TASK TO CARRY OUT
All entries are to be printed again exactly, with their images omitted.
Top of DATA FOR THE TASK
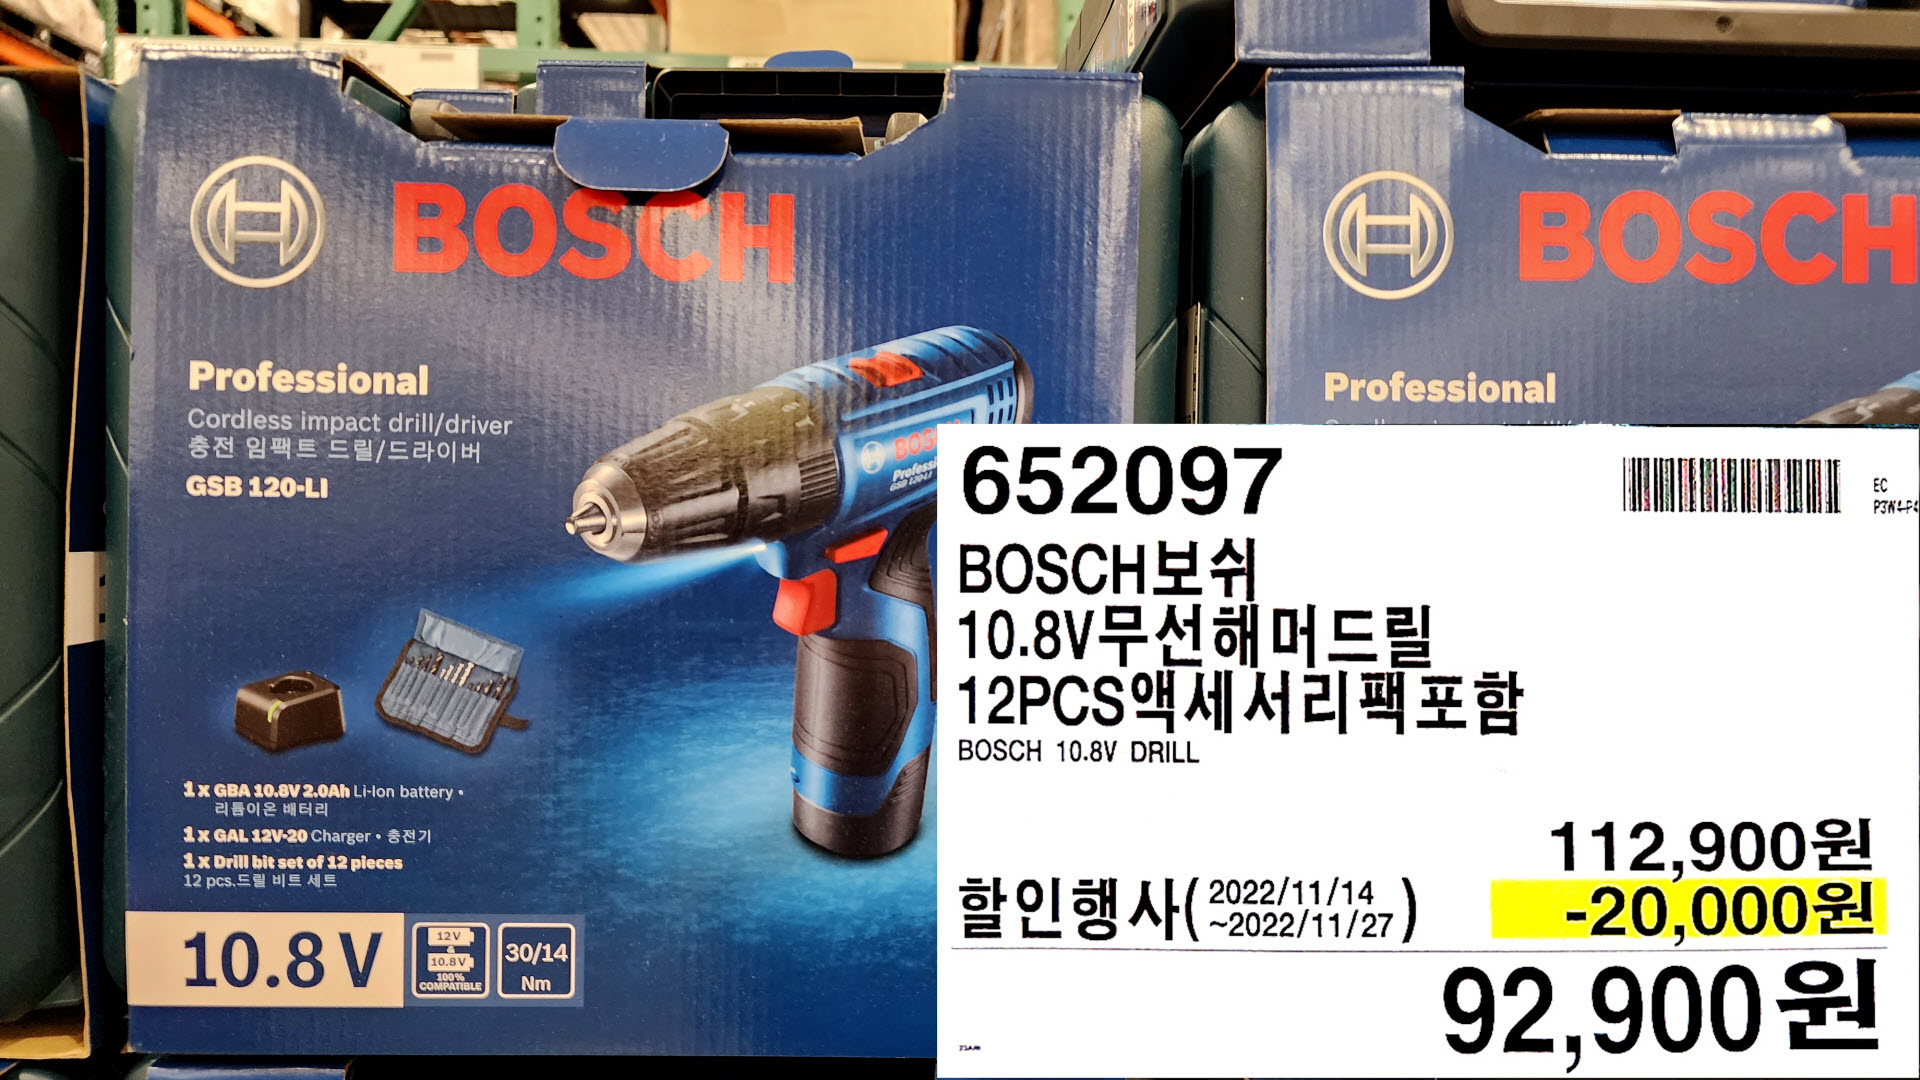 BOSCH보쉬
10.8V무선해머드릴
12PCS액세서리팩포함
BOSCH 10.8V DRILL
92&#44;900원
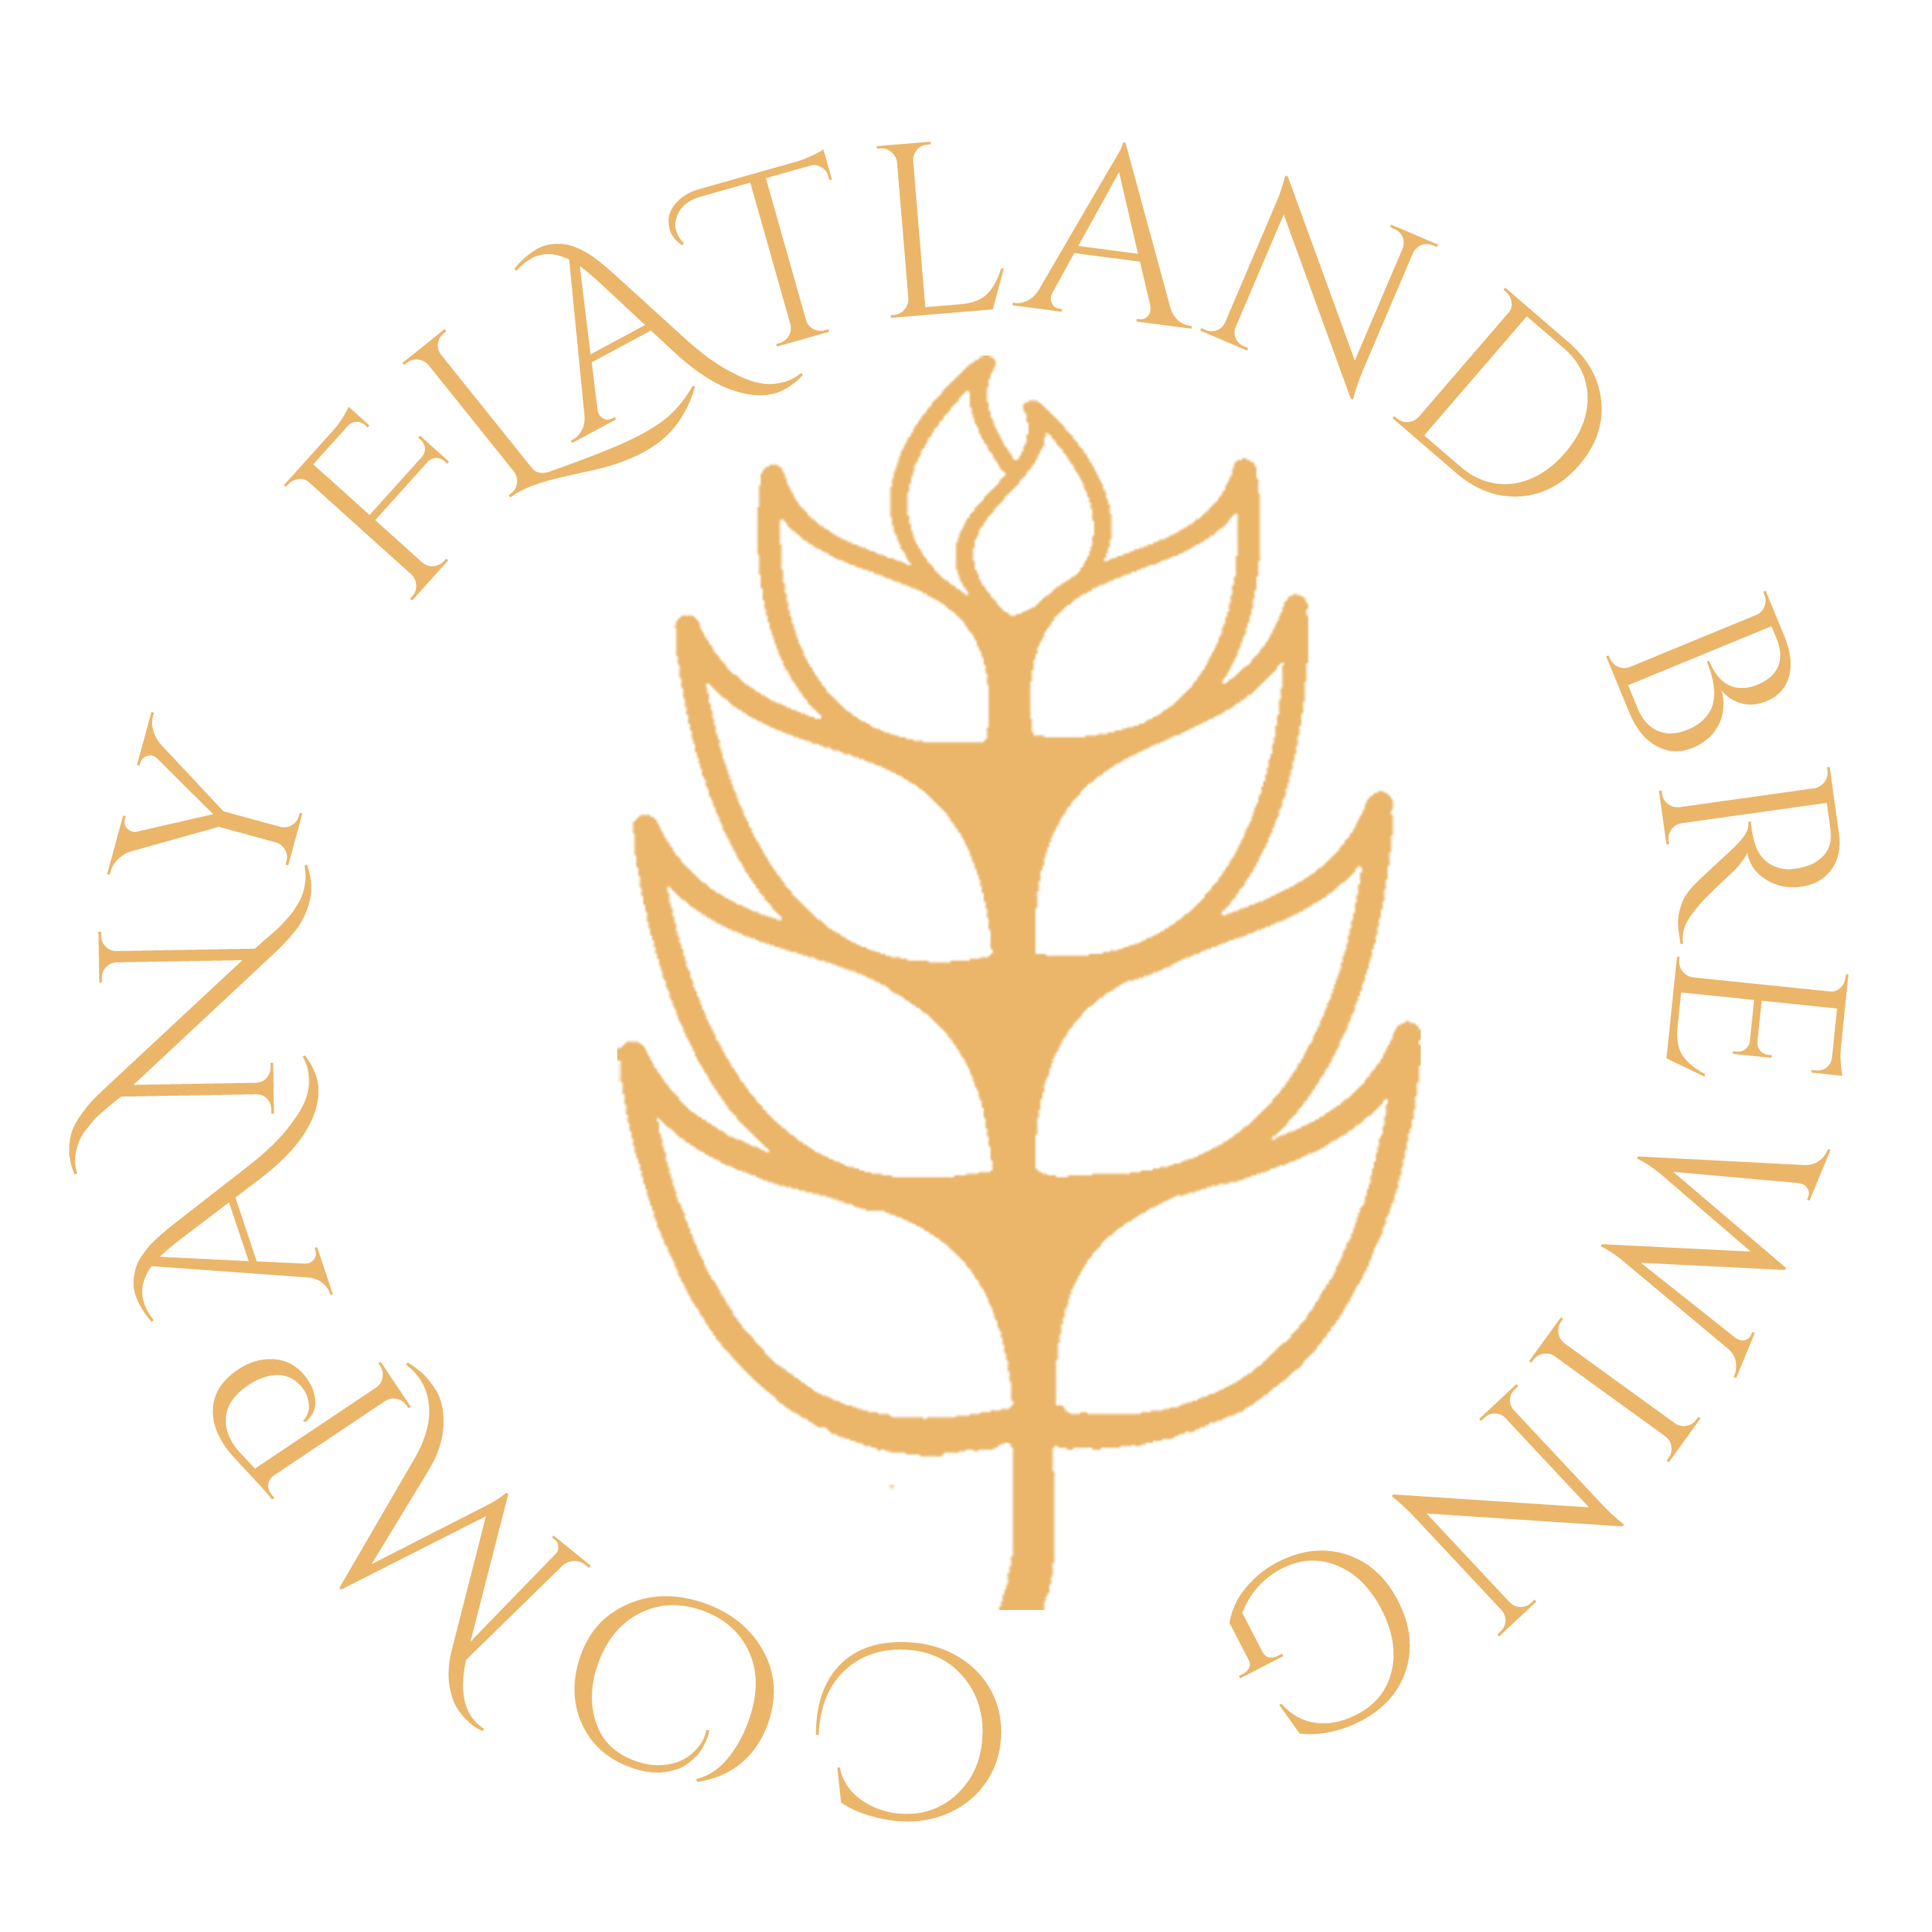 Flatland Brewing Company
Bottom of DATA FOR THE TASK
FINISHED TASK
 BOSCH보쉬
10.8V무선해머드릴
12PCS액세서리팩포함
BOSCH 10.8V DRILL
92&#44;900원
 Flatland Brewing Company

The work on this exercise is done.